‘T-word is gone’: UNSC does not mention the Taliban in its terror statement.

By – Devanshi Srivastava

The United Nations Security Council did not mention the Taliban in its statement after the explosions at Kabul International Airport, instead stating that ‘no Afghan group or person’ should assist terrorists operating on the territory of any country.

The United Nations Security Council released a press statement on Afghanistan on August 16, a day after Kabul was overthrown by the Afghan people. Another statement was released on August 27, a day after the explosions near Kabul International Airport was reported. The only difference between the two remarks is that the latter does not make any reference to the Taliban at all. As an alternative, the terrorist organization has been referred to as an “Afghan group.”

As the United Nations Security Council stated on August 16, “the members of the security council reaffirmed the importance of combating terrorism in Afghanistan so that the territory of Afghanistan does not become a target for threats or attacks against foreign countries, and that neither the Taliban nor any other Afghan group or individual should support terrorists operating on foreign soil.”

Instead of naming the Taliban in its statement after the Kabul bombings, the United Nations Security Council said that “no Afghan organization or person” should assist terrorists operating on the territory of any nation.

In a statement, Syed Akbaruddin, who served as India’s permanent ambassador in the United States from January 2016 to April 2020, emphasized the importance of the fortnightly change. “A fortnight is an extremely long period of time. The ‘T’ term is no longer in use “The former ambassador took to Twitter to express himself.

This last fortnight has been difficult for Afghanistan and the rest of the globe, which has been tasked with carrying out evacuation operations in the war-torn nation.
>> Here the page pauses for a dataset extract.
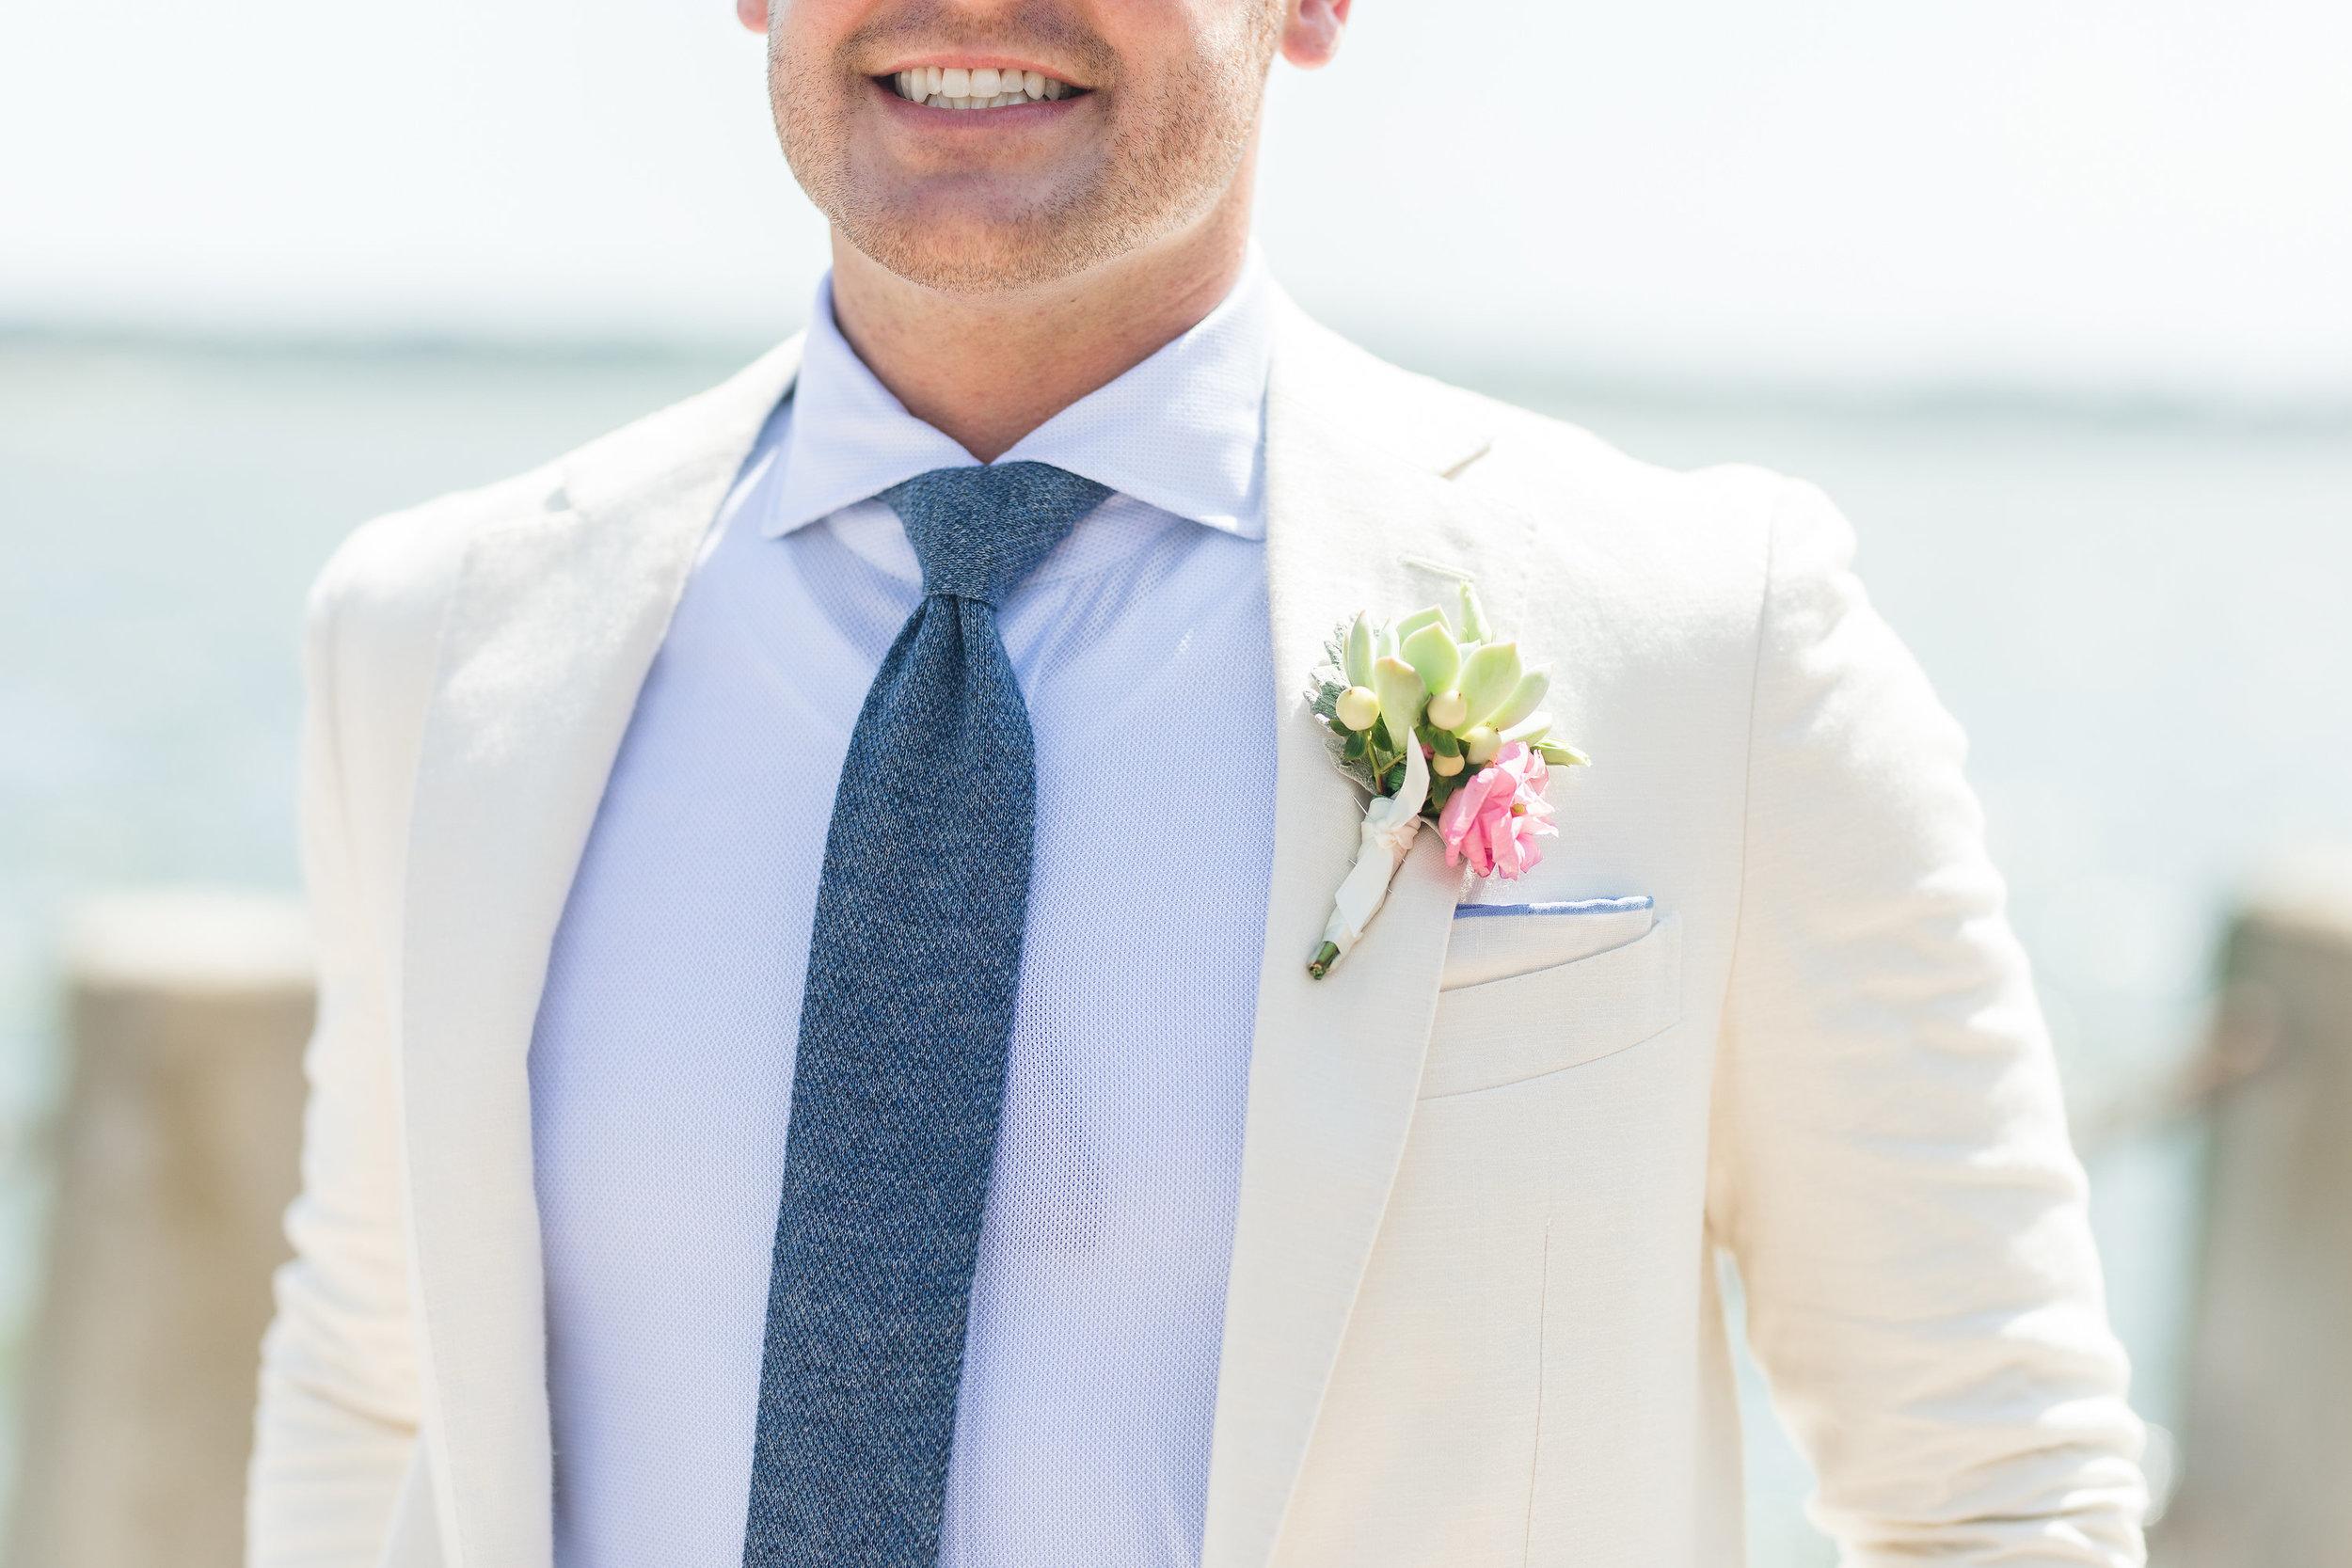 Groom in coastal attire with light blue shirt and dark blue tie  //  Hilton Head wedding photos by Garter + Whiskey
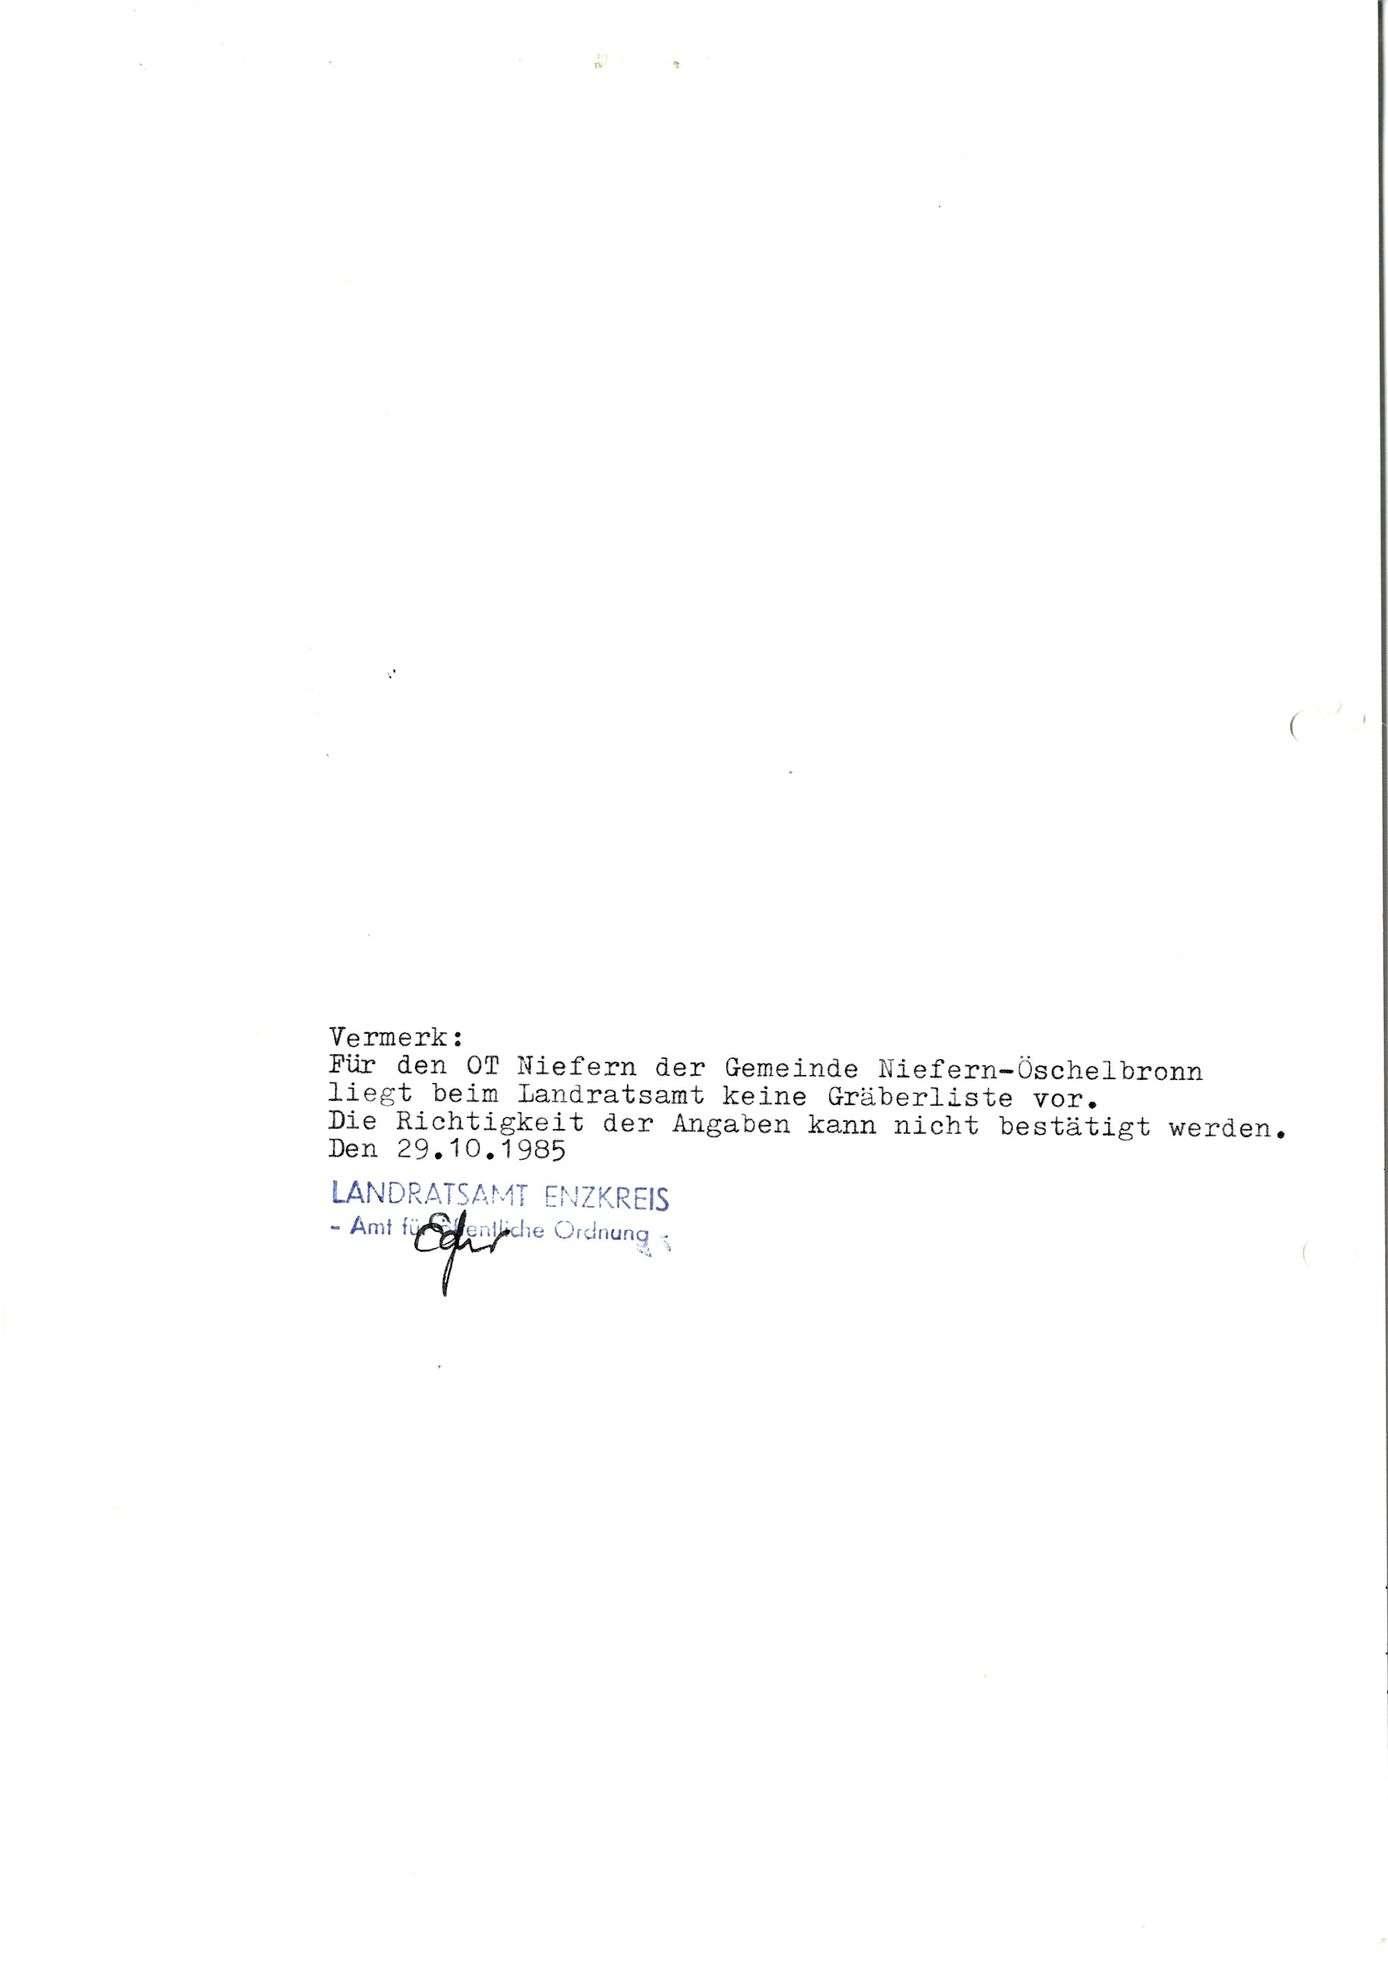 Niefern, Bild 1

In the midst of widespread concern that the Taliban’s ascension to power in Afghanistan would give a boost to global jihadist organizations, a series of catastrophic explosions near Kabul International Airport claimed the lives of more than 100 people. The United States carried out a ‘retaliatory’ attack in which one ISIS-K planner and facilitator was killed and two others were wounded.

With the withdrawal of foreign troops from Afghanistan, the Taliban are reportedly getting closer to forming their own government in the nation, which is expected to be an inclusive administration that includes representatives from all ethnic groups in the country, according to media sources.

At this point, the decision of whether or not to recognize Taliban control in Afghanistan is a critical one that affects all nations. India has emphasized that, at this time, the safe evacuation of citizens from Afghanistan is the government’s first concern, according to a press release. “On the ground, the situation is a little unclear (in Afghanistan). The security and safety of individuals are the most important considerations. There is now no clarification about which organization will be establishing a government in Kabul. In terms of recognition, I believe we are rushing the process, “Arindam Bagchi, a spokesman for the Ministry of External Affairs, said on August 27, 2021.